Under political pressure in the UK as a result of the military disasters of 1941 and 1942 – the which had led to two votes of confidence in parliament – Churchill (and the country) was greatly in need of a victory. With his understandable fear of another catastrophic stalemate in the fields of France and the low countries (or of an attempted landing ending in disaster) having its roots in his experiences of the first war, Churchill took the view that any such success was more likely to be found in Africa than on the European mainland.
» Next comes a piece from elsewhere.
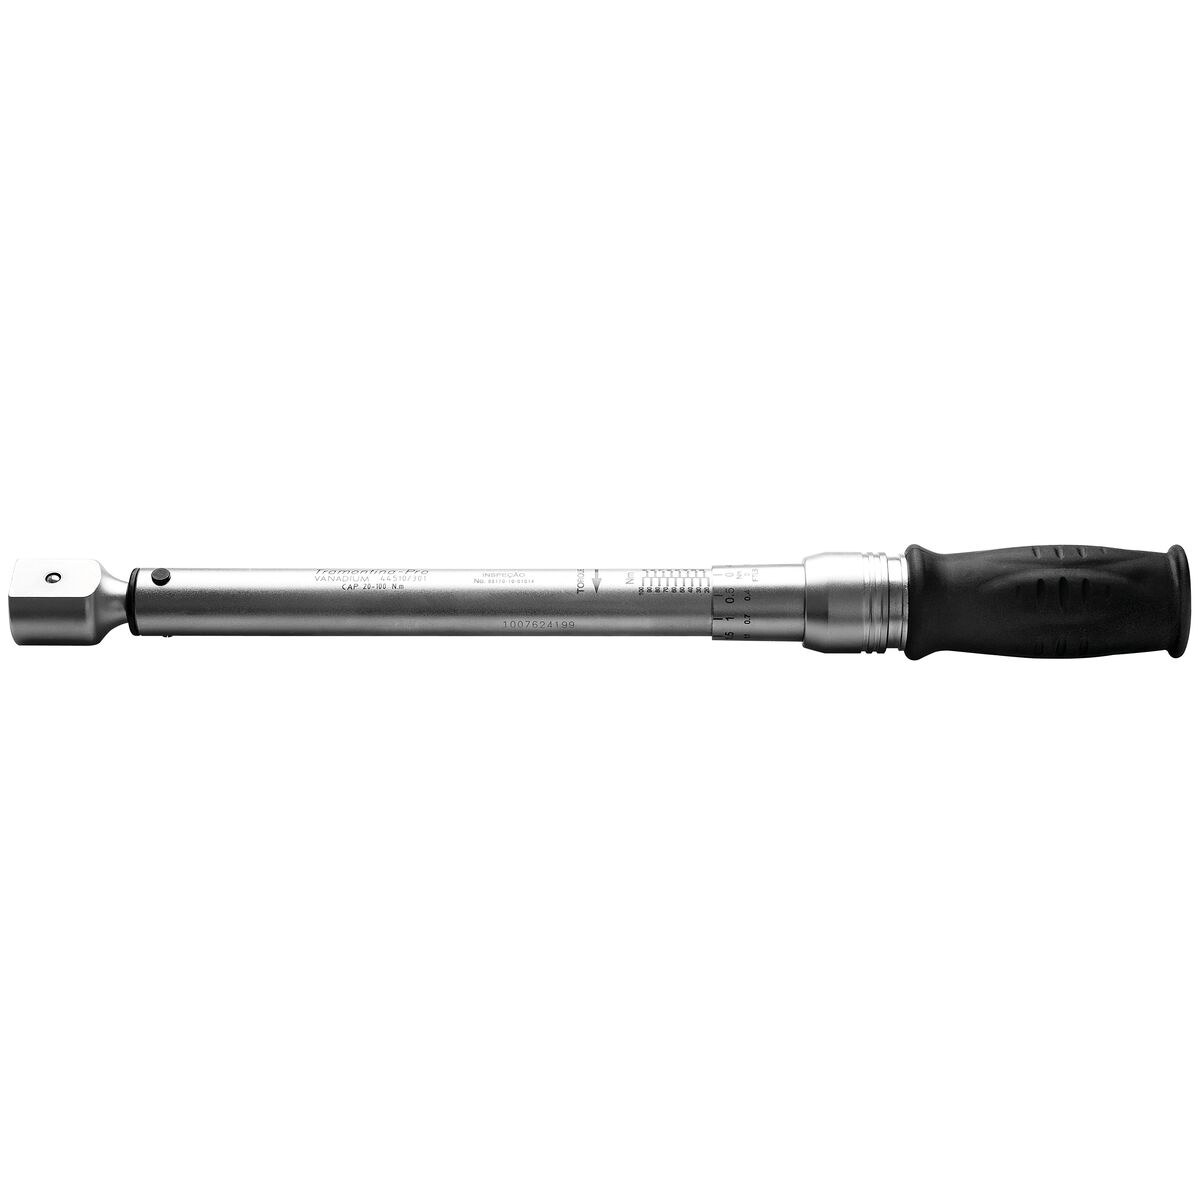 Interchangeable Heads for Torque Wrenches

Churchill’s thinking was further informed by considerations that were of little consequence to the Americans or the Russians – those of empire. He saw maintaining control of the Mediterranean and of Egypt as vital to the continuance of British interests in India and in the colonies to the east. Professor Reynold’s documentary (along with Max Hastings 2010 book on Churchill’s war, the which I also read of late) brought home to me anew Churchill’s growing realisation – during the closing years of the war – that Britain’s position in the world order had been diminished irrevocably by the need to rely on intervention by the American and Soviet superpowers to save Europe. Even so, his sentimental attachment to the notion of a ‘special relationship’ with the US prevented him from recognising that the price to be paid for this salvation would be the ultimate surrender of the British empire.

The Second World War and the half century (and more) of world-wide chaos that followed have been so widely documented and discussed that it is difficult to reconcile what we now know and understand of the period – and of the vast change in Britain’s place in the world – with some of the shrill voices that are to be heard from Britannia in these troubled times. It is difficult enough to observe the resurgence of nationalism across a continent that has good cause to fear exactly that, without also having to listen to those voices that seem almost to be calling for a return to the mythical days of yore.

As Churchill knew all too well in his twilight years – those days are long, long gone!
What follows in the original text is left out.